Personal information
- Full name: Leovegildo Lins da Gama Júnior
- Date of birth: 29 June 1954 (age 71)
- Place of birth: João Pessoa, Brazil
- Height: 1.72 m (5 ft 8 in)
- Positions: Left back; midfielder;

Youth career
- 1973–1974: Flamengo

Senior career*
- Years: Team / Apps / (Gls)
- 1974–1984: Flamengo / 192 / (7)
- 1984–1987: Torino / 86 / (12)
- 1987–1989: Pescara / 62 / (6)
- 1989–1993: Flamengo / 70 / (10)
- Total:  / 410 / (35)

International career
- 1979–1992: Brazil / 74 / (6)
- 1993–2001: Brazil (beach) / ? / (201)

Managerial career
- 1993–1994: Flamengo
- 1997: Flamengo
- 2003: Corinthians

= Léo Júnior =

Brazilian footballer

Leovegildo Lins da Gama Júnior (born 29 June 1954), also known as Maestro Júnior, Léo Júnior or simply Júnior, is a Brazilian football pundit and retired footballer who played as a left back or midfielder.

He was nicknamed "Capacete" ("helmet", in Portuguese) because of his afro hairstyle.

He was named by Pelé as one of the top 125 greatest living footballers in March 2004. Junior now works as a television pundit for Rede Globo.

==Club career==
Léo Júnior played for Flamengo during the 1970s, 1980s and early 1990s, winning four Brazilian Championships (1980, 1982, 1983, 1992), the 1981 Copa Libertadores and 1981 Intercontinental Cup. With 857 matches, he is the player with most appearances for Flamengo.

On 12 June 1984 he was bought by Torino, for a fee of two million dollars. Léo Júnior asked and obtained a guarantee to play as a midfielder rather than a full-back, because he considered the former role less stressful, so to extend the life of his career. Although he was now thirty years old, after some initial difficulties, he succeeded in integrating in the formation coached by Luigi Radice, becoming the leader of the midfield. During his first year in Italy he was the victim of two incidents of racism: in Milan he was repeatedly insulted and spat upon as he left the stadium with his mother and father and in Turin, on the occasion of the derby, Juventus fans exhibited offensive banners on the colour of his skin. The Torino supporters responded promptly with another banner: "Better negro than a Juventus fan". At the end of the season, finished second behind Verona, he was awarded Serie A's player of the year.

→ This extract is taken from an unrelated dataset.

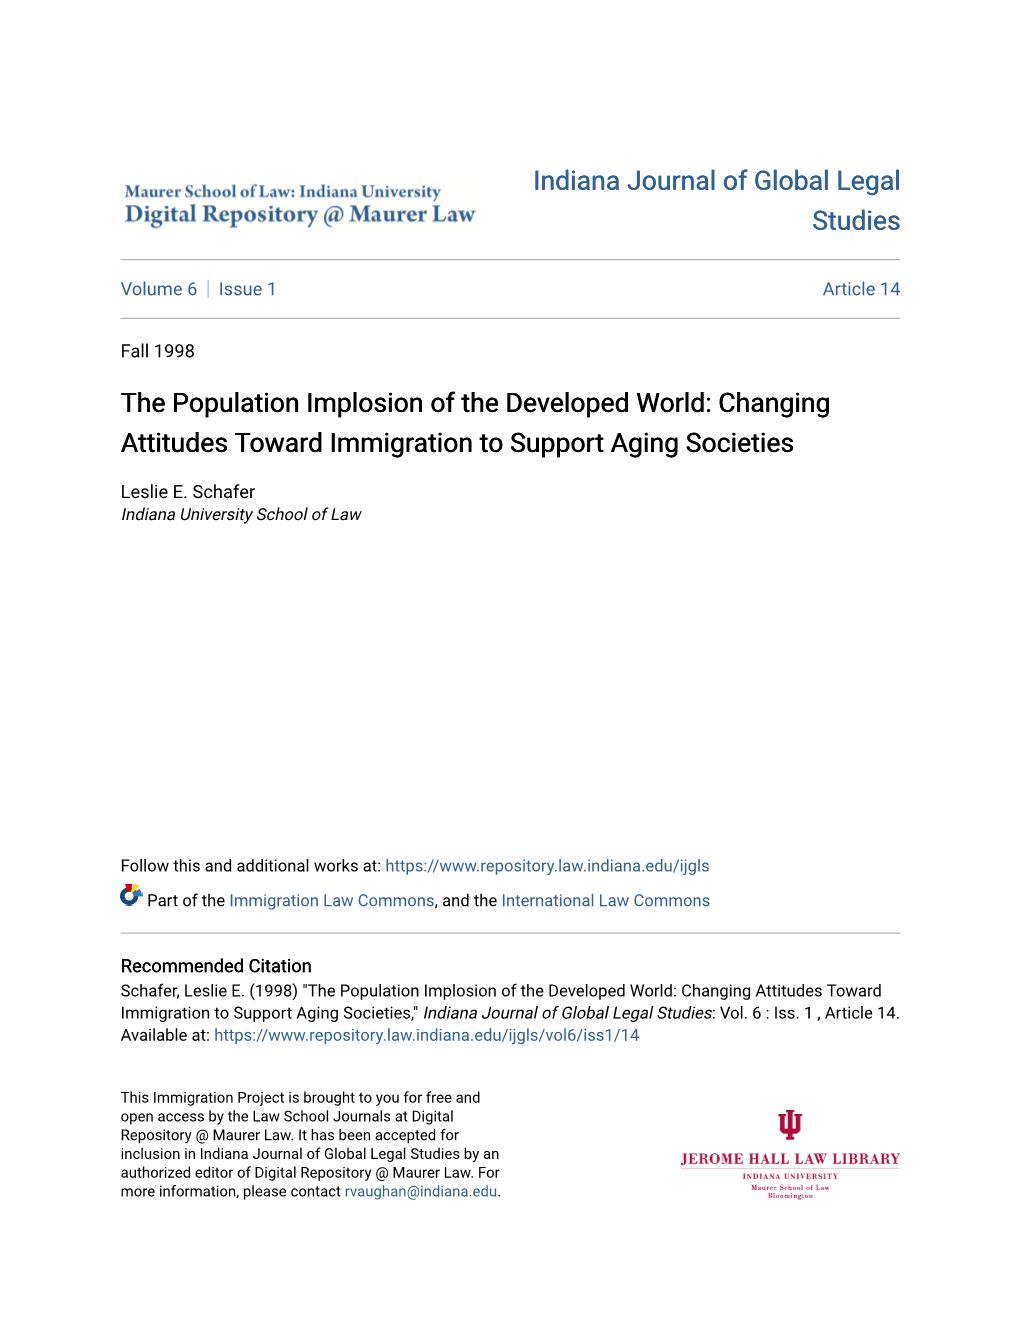 The Population Implosion of the Developed World: Changing Attitudes Toward Immigration to Support Aging Societies

During his time with "Toro" he was also given the affectionate nickname of "papà Júnior", due to his elder appearance. He remained in Turin until 1987, when he had a fallout with the manager Radice. The coach believed the performance of the Brazilian lower than that of the first season, while Léo Júnior was particularly annoyed for being substituted during a UEFA Cup tie against HNK Hajduk Split, which culminated with the elimination of the team.

He also played for Italian club Pescara between 1987 and 1989.

In early June 1991 he returned to Torino for a short spell on loan from Flamengo to bolster their team while participating in the Mitropa Cup. With Júnior in fine form, Torino won the tournament.

==International career==
Léo Júnior competed in the men's tournament at the 1976 Summer Olympics.

He went on to record 74 appearances for the Brazil national team, between May 1979 and December 1992, scoring six goals. He appeared in both the 1982 and 1986 World Cup.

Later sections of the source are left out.